Дурман Дианы.

В августе нас зачислили на факультет охотоведения, в сентябре использовали как даровую рабсилу на сельхозработах с периодическим чтением лекций по технике безопасности на пушном промысле. Руководство факультета было храбрым и мудрым. Оно решило: чем ждать пять лет, чтобы убедиться, получится из студента охотовед или нет, проще отправить его на два месяца в глухую тайгу с минимумом денежных знаков: выживет — значит, охотовед!
В начале октября нам выдали за три месяца вперед стипендию, по пятьдесят копеек суточных, проездные в общем вагоне и с прощальными наставлениями «дедушки» Скалона отправили в таежные промхозы Восточной Сибири учениками-охотниками.
На эти скудные средства следовало добраться до места, закупить промысловую лайку, справить таежную одежду, купить хотя бы часть провианта до сдачи первой пушнины. Предстоящие расходы нас нисколько не волновали. Мы с радостью и восторгом, свойственными беспечной молодости, понеслись в таежную глухомань, словно к теще на блины.
От Усть-Кута спустились вниз по Лене на речном трамвайчике с обшарпанными бортами. Выпал снег, который, со слов старожилов, останется в зиму. Стояла сумрачная слякотная погода. Серые сплошные тучи цеплялись на пологих берегах за вершины насупившихся деревьев. Река, извиваясь, стремительно катила свои воды к холодному океану. Я не отрываясь всматривался в проносившиеся таежные берега… Чего только не видели они за последние две-три тысячи лет. И большое древнее переселение якутов, и легкие струги русских казаков, осваивающих бескрайние пространства Сибири, и деревянные баржи позапрошлого столетия, и подневольных бурлаков, и нещадно дымящие пароходы, и современные теплоходы. Кто те мужественные и безымянные люди, которые первыми рискуя жизнью шли все дальше и дальше на север и восток, вплоть до Тихого океана? Но и океан не мог удержать русского человека. Что двигало им, когда он, преодолевая неимоверные трудности и лишения, открывал и завоевывал все новые и неизведанные земли, включая Аляску? Такое мог осуществить только Великий Народ. Китайцы отгораживались от северных народов Великой китайской стеной длиной в шесть тысяч километров. При ее строительстве погибло не менее миллиона китайцев. Не в пример им, пришла горстка русских казаков и покорила в кратчайшие сроки немногочисленные народы Сибири, тех самых «варваров», от которых отгораживались мудрые многочисленные китайцы. Кругом ни души, ни пашни, ни хотя бы захудалого строения. Куда ни кинь взгляд — только тайга, тайга…

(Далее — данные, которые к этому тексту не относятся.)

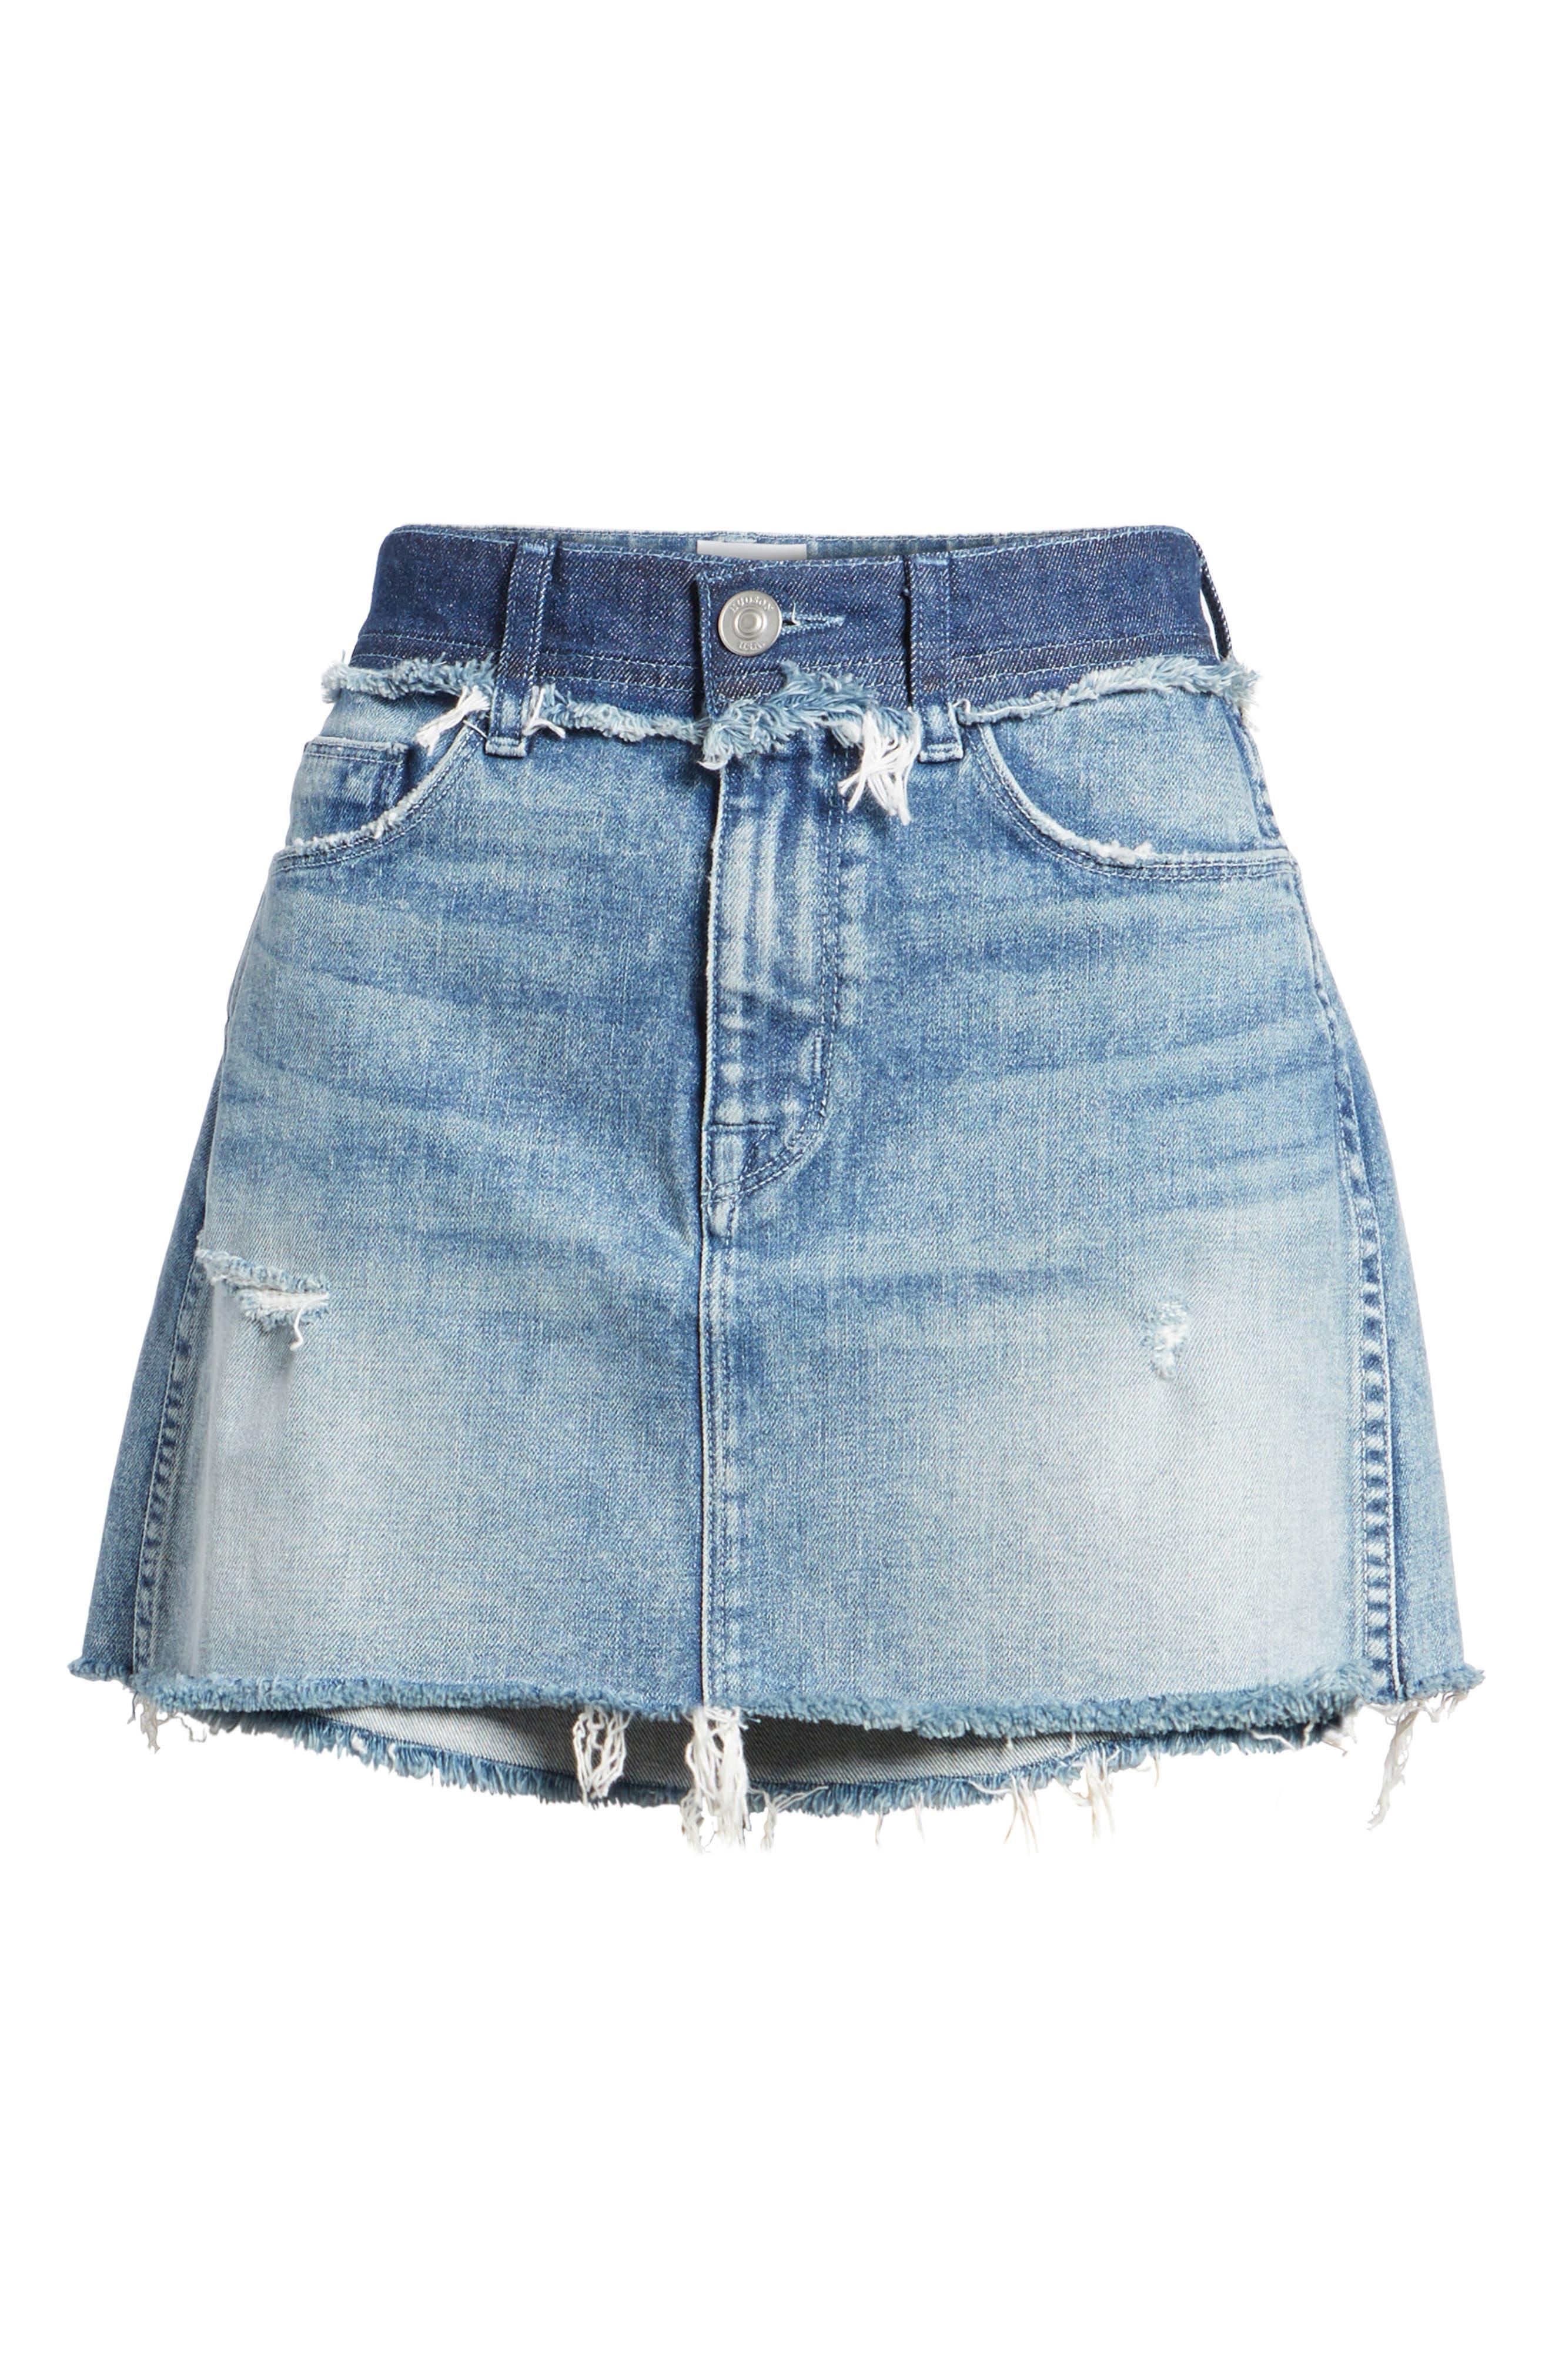 Vivid Cutoff Denim Miniskirt,                             Alternate thumbnail 6, color,                             Rock Steady

Мне уже пришлось послужить в военно-морском флоте. Даже на самых маленьких островках Малой Курильской гряды, плоских и голых, как столешница, жили люди. Человек — самый пластичный и приспособляющийся из всех живых существ на нашей планете. Была бы суша, пресная вода да солнце! Как в этой маленькой деревеньке, где не доходя до Таюры десяток верст мы высадились, чтобы приобрести собак. Такие маленькие поселения были организованы через двадцать-двадцать четыре версты друг от друга царицей Екатериной по берегам Великой реки, чтобы зимой осуществлять конное сообщение до Якутска. Местное население составляли потомки крестьян, вывезенных из европейской части России. Люди приспособились к суровым сибирским условиям: промышляли дикого зверя, ловили рыбу, собирали ягоды, выращивали коров, гоняли ямщину. В жизни им пришлось хлебнуть лиха. Они степенны, медлительны, немногословны и уважительны к человеку. В те далекие шестидесятые я не припомню случая, чтобы в каком-либо дворе отказали путнику в ночлеге. Всегда поставят на стол вареную картошку, соленую рыбу, краюшку серого хлеба из муки грубого помола да кружку горячего чая, заваренного листьями черной смородины с различными травами. Местные охотники зашли в тайгу на промысел и забрали самых лучших лаек. После долгих расспросов мне удалось купить у старой вдовы за десятку черно-пеструю сучонку по имени Людка. Со слов хозяйки, она лаяла белку, а сосед в прошлом году добыл с ней пару соболей. Выбора не было, я радовался и такому приобретению. К вечеру мы дошли до речки Таюра, за которой на пологом правом берегу Лены вкривь и вкось раскидала свои домишки одноименная деревня. От берега отвалила маленькая лодка, которой ловко управляла шестом женщина лет сорока — как оказалось, жена начальника участка Усть-Кутского коопзверопромхоза. Мы с опаской спустились в утлое суденышко, ушедшее в воду чуть ли не по края бортов. Мимо с легким шелестом проносились тонкие льдинки, постукивая в деревянные борта. Местами была приличная глубина. Шест уходил в воду почти полностью. Отталкиваясь им ото дна, лодочница нагибалась до самой воды, и тем не менее перегруженная лодка, преодолевая течение, благополучно причалила к спасительному берегу.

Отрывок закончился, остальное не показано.